The TV networks are in a game-show frenzy, rushing new versions of relics like Twenty-One, The $64,000 Question, and What's My Line? into production. CBS even plans a cutting edge show called Survivor. The concept, called game/adventure, is to strand 16 contestants on a desert island, with little more than the clothes on their backs, for a month. They compete in various feats of mental and athletic ability until only two are left. Then the 14 losers choose the winner. It sounds like Jeopardy meets American Gladiator on Gilligan's Island. Anything that stupid will probably be a hit.

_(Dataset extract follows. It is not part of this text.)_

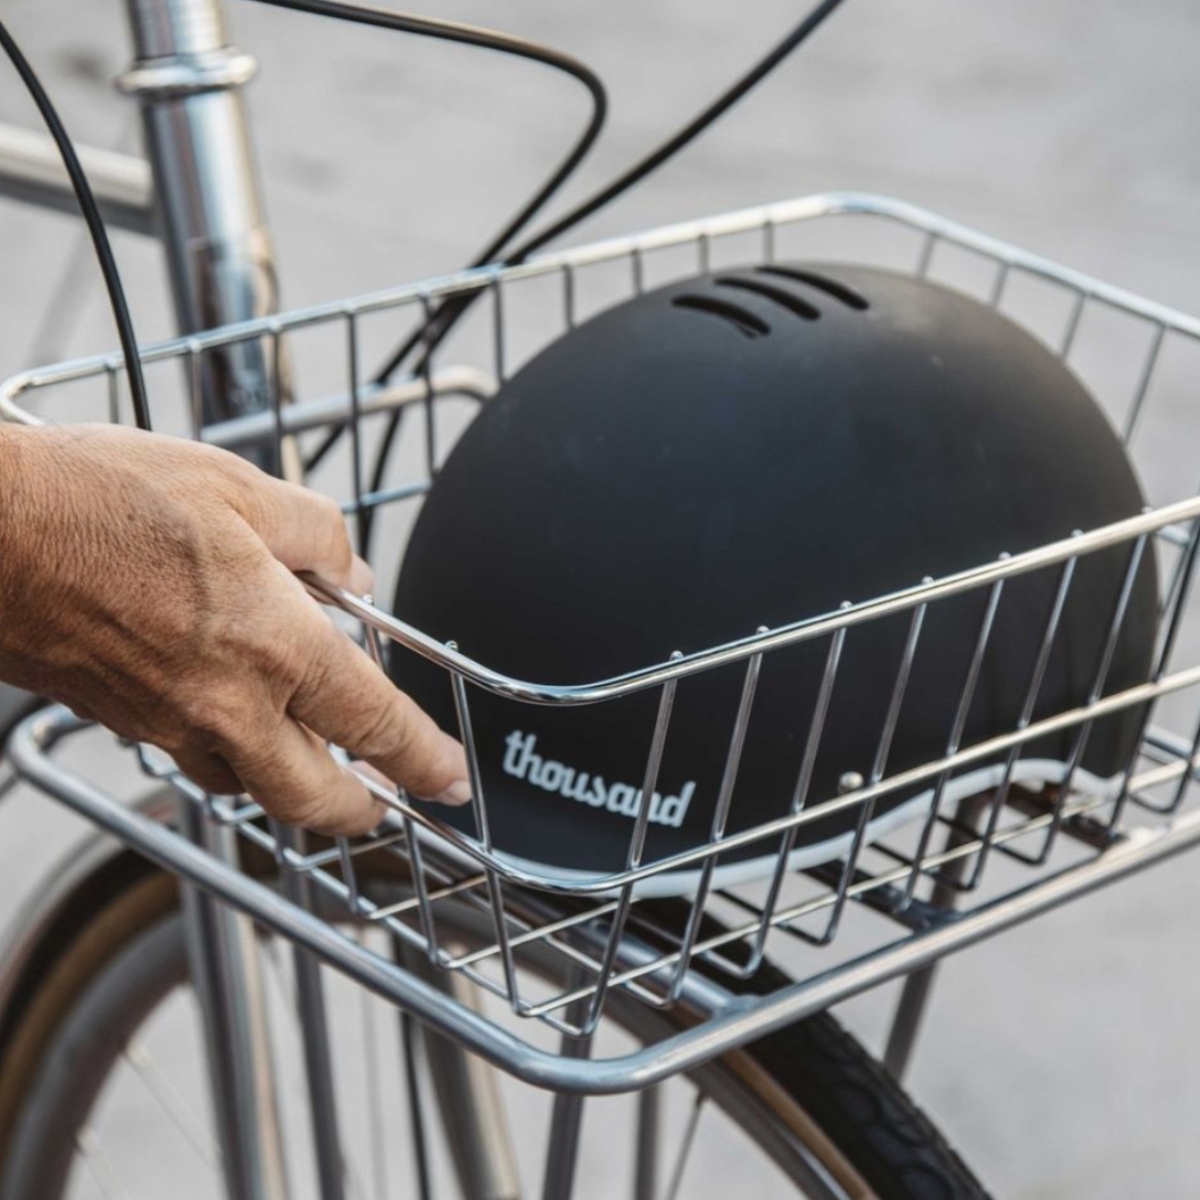 Public bikes rear metal bike basket with a helmet inside
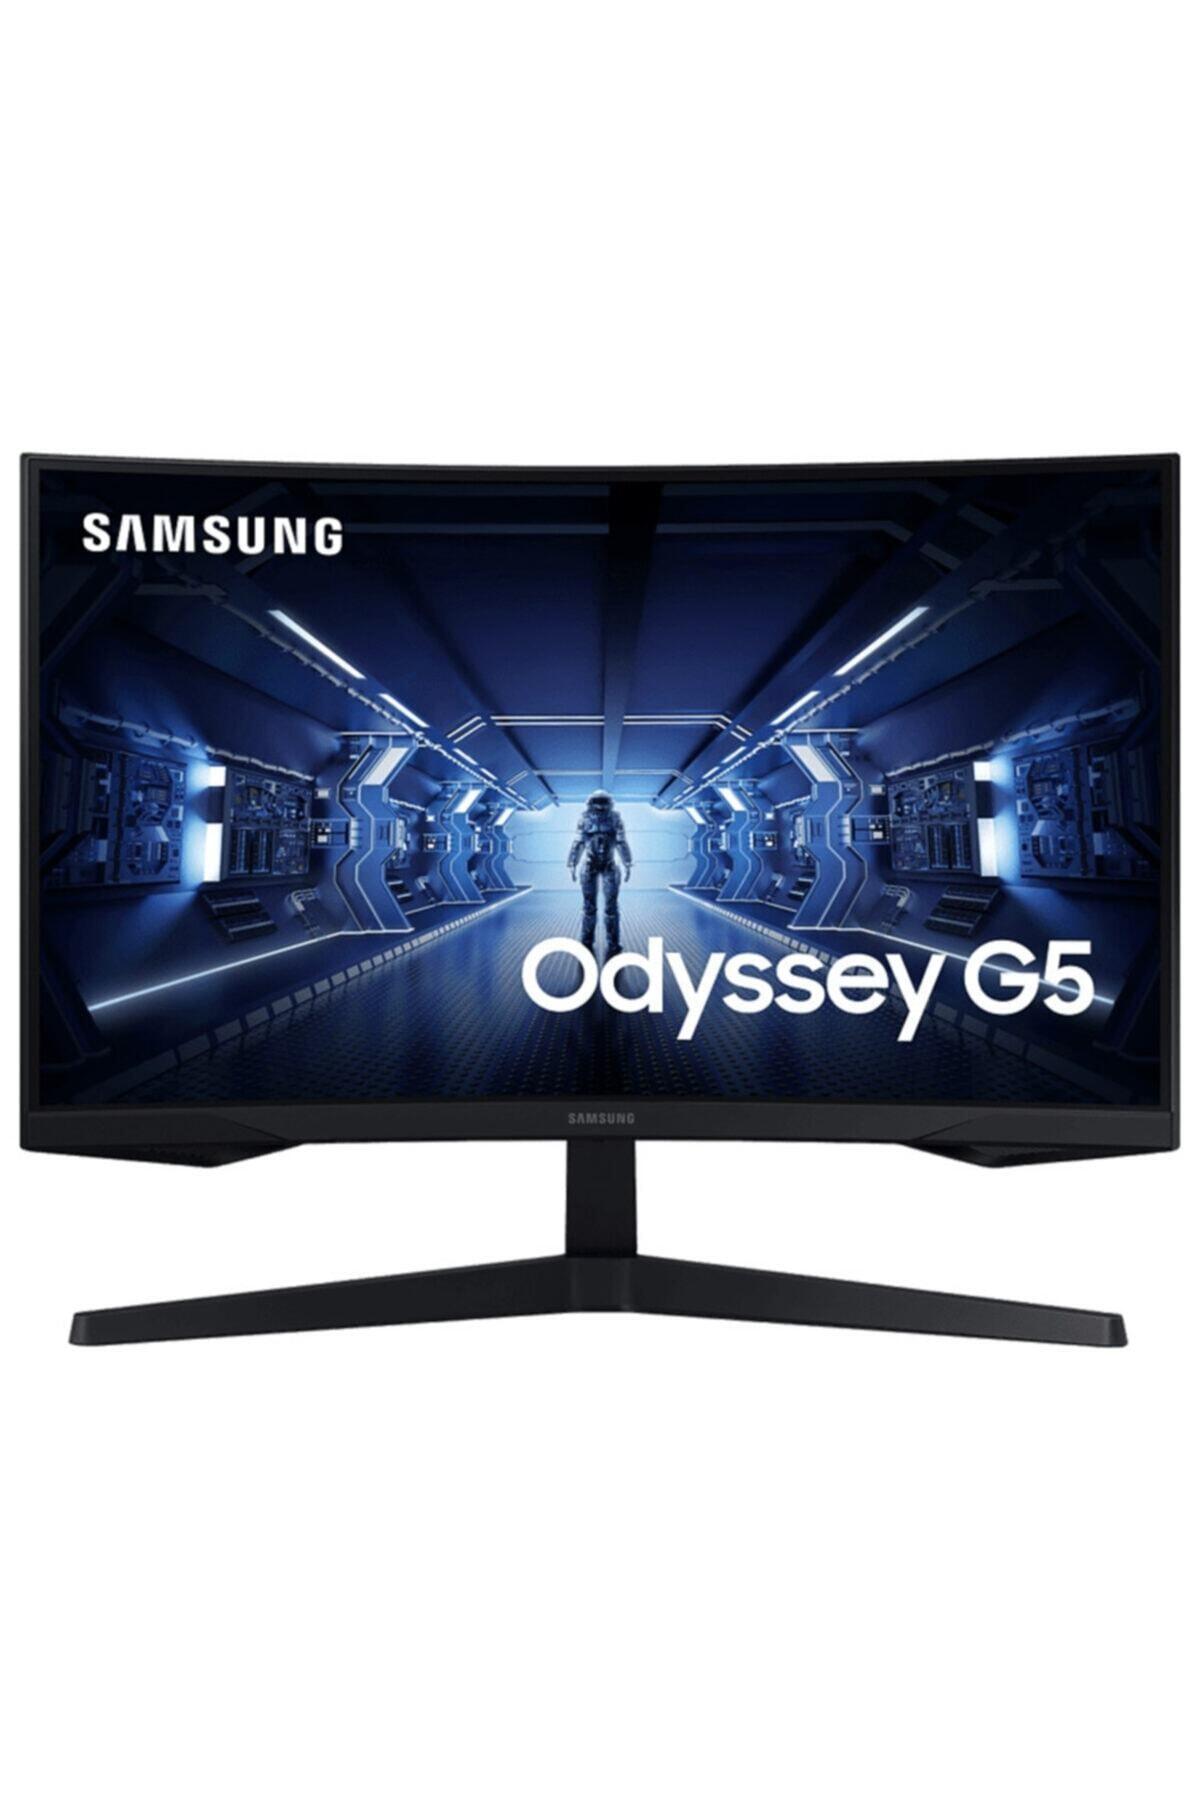 Samsung Odyssey G5 32" 2k 1ms 144hz - 4565 TL ( SATICI GÜVENİLİR DEĞİLDİR )

What's fueling this frenetic activity? Ostensibly, it's the success this summer of Who Wants to Be a Millionaire?, a retread from Great Britain, on ABC. This show, hosted by Regis Philbin (another retread), aired for 13 successive nights in August. By the end of the run, ABC more than doubled its ratings in key adult demographics so valuable to advertisers.
When ABC announced plans to bring back Millionaire during the November sweeps, producer Dick Clark decided to get back into the game show business. Clark came up with a concept on Monday and sold it to FOX on Tuesday. The show, aptly named Greed, doubles the big prize to $2 Million, with an interesting wrinkle. Contestants in the final round have already won a million. They can keep it or go double or nothing. In a nation captivated by day trading, Powerball, and casinos on every corner, Greed fits. So far, FOX has improved Thursday night ratings by 85%, to their highest level in five months. Meanwhile, Millionaire is the big hit of ABC's fall TV season.
Game shows are hot. There hasn't been this much interest in the genre for 30 years. A normal instinct of the TV business is to give the audience more and more of something until it tunes out, the ride-that-horse-'til-it-drops theory of programming. Compared to prime time dramas or sitcoms, game shows are also cheap to produce. That was probably the deciding factor for the big networks. Disney was willing to risk a minimal production budget to wring a few dollars out of ABC, a financial disappointment for the Mouse since the 1995 acquisition. Likewise FOX needed low-budget help on Thursday nights where its highly promoted new sitcoms were getting half the audience of big time wrestling on UPN.
Another normal instinct of the TV business is to revive programming ideas that worked in the past. Game show frenzy fits that pattern. After languishing for a generation in daytime and syndication, this inexpensive genre can be retooled with contemporary high-tech glitz and foisted on a new audience. Or that's what producers and network execs believe, but there are problems with that assumption.
In their heyday, the prime time game shows of the 1950's regularly captured half of all TV viewers. Today even a hit show like Millionaire gets about 1 out of 5. The 50 or more choices on cable have fragmented audiences and forced the big networks to make do with less. Game shows died out in prime time because they had limited potential. In the smaller ratings environment, however, they become viable concepts.
The peril of this strategy is that shows with smaller ratings to begin with cannot sustain much audience loss. My guess is that, when we have these programs on two or more channels every night, we'll remember why we stopped watching them 30 years ago. Millionaire and Greed will go the way of The Gong Show. After all, recycled garbage is still garbage.